The eunuch had thought Vahauka would signal him forward as soon as he saw him, but the satrap went right on with his business. At last Mithredath stood before him. Mithredath started to prostrate himself, waited for Vahauka to stop him and offer his cheek. Vahauka did not. Feeling his stomach knot within him, the eunuch finished the prostration.
When he rose, he had his face under control. “My lord,” he said, and gestured toward the bag of potsherds Raga held, “I am pleased to report my success in the mission personally set me by Khsrish, King of Kings”—he stressed the ruler’s
name and title—“may Ahuramazda make long his reign.”
Vahauka yawned. Of all the responses Mithredath might have expected, that was the last.
Having to work now to keep his voice from stumbling, the eunuch went on. “As I have succeeded, I plan to draw funds from the ganzabara Hermippos for my return voyage to Babylon.”
“No.” Vahauka yawned again.
“My lord, must I remind you of my closeness to the King of Kings?” Only alarm made Mithredath’s threat come out so badly.

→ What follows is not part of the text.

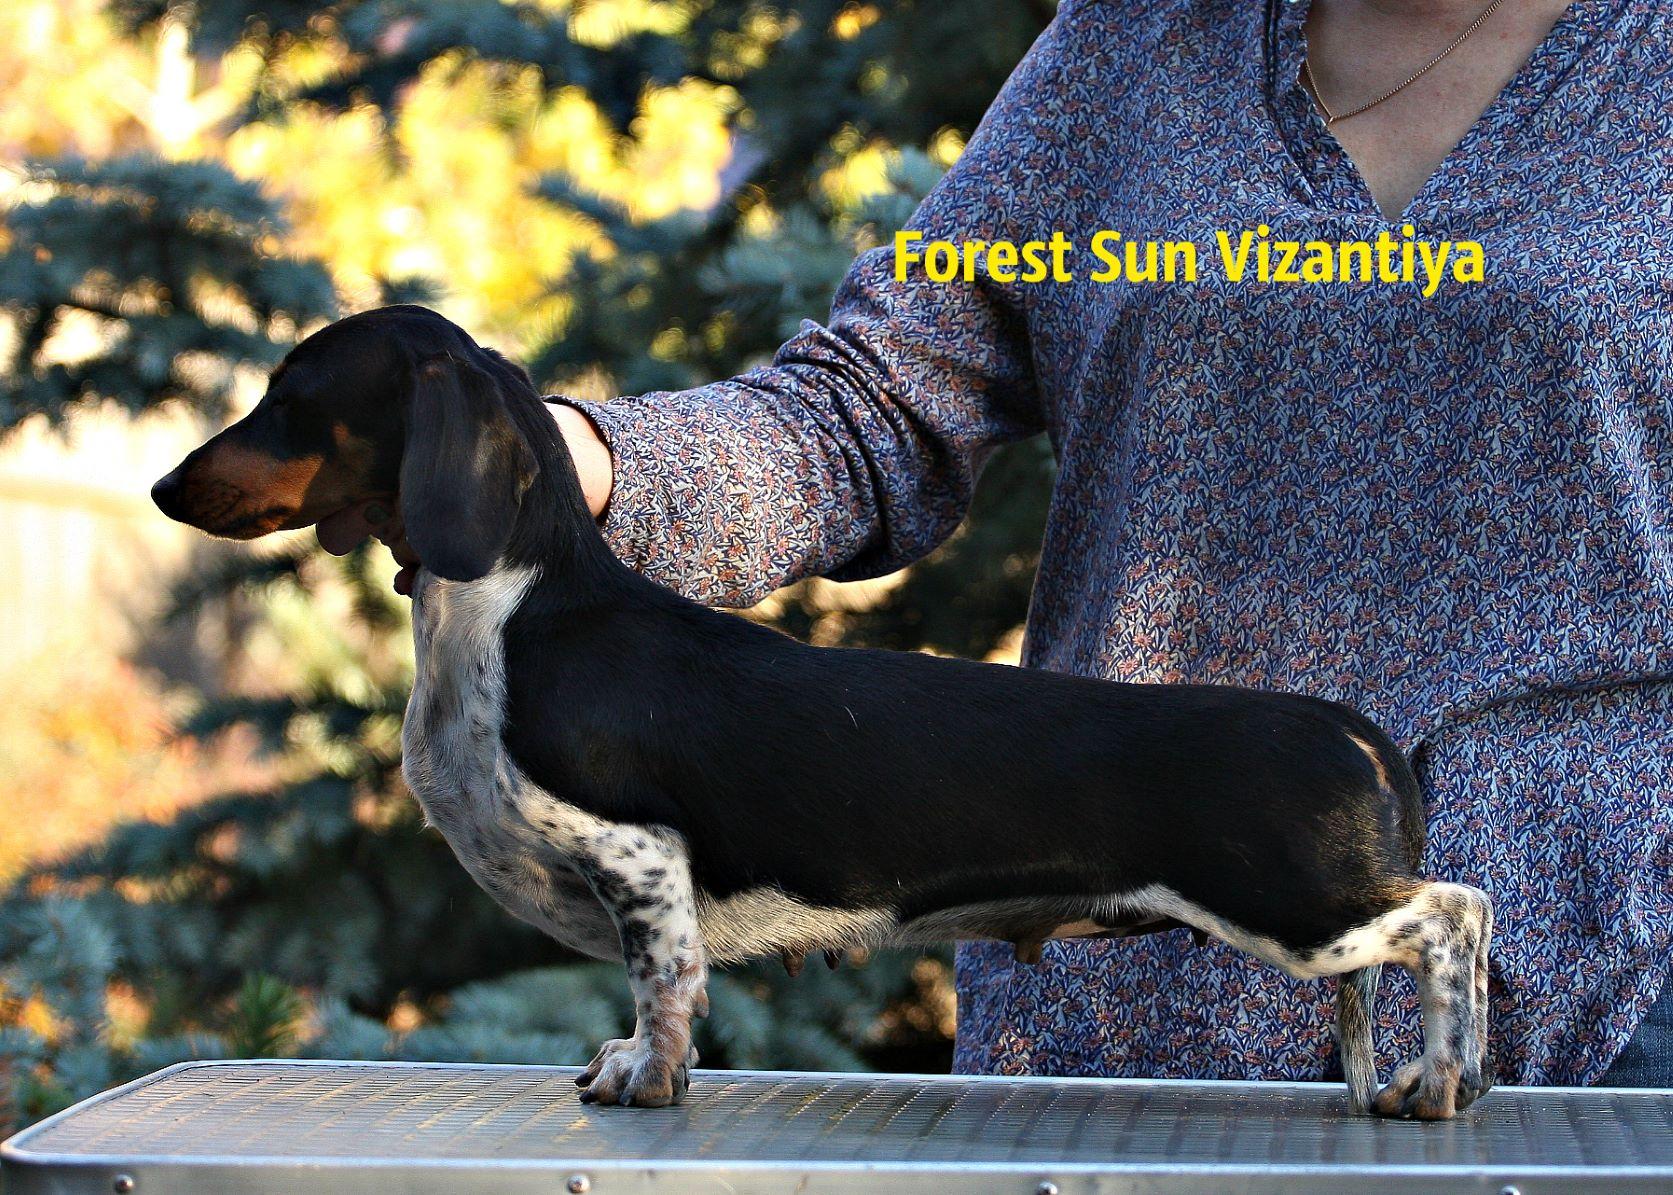 Forest Sun Vizantiya

“No-balls, I doubt very much if you ever have been—or ever will be—close to Kurash, King of Kings, may Ahuramazda smile upon him and make long his reign.”
“Ku—” The rest of the name could not get through the lump of ice that suddenly filled Mithredath’s throat.
“Aye, Kurash. A ship came in with the word he’d overthrown and slain your worthless Khsrish the day you left for the old ruined inland town. Good riddance, says I—now we have a real King of Kings again, and now I don’t have to toady to a half-man anymore, either. And I won’t. Get out of my sight, wretch, and thank the good god I don’t stripe your back to send you on your way.”
The satrap’s mocking laughter pursued Mithredath as he left the hall. His servants followed, as stunned as he.
Even the vestiges of dignity deserted him as soon as he was out of sight of the satrap’s residence. He sat down heavily, buried his face in his hands so he could not have to see the passersby staring at him.
Tishtrya and Raga were muttering back and forth. “Poor,” he heard one of them say. “He can’t pay us anymore.”
“Well, to Ahriman with him, then. What else is he good for?” the other replied. It was Raga. He dropped the leather sack. The potsherds inside clinked. The sack came open. Some sherds spilled out.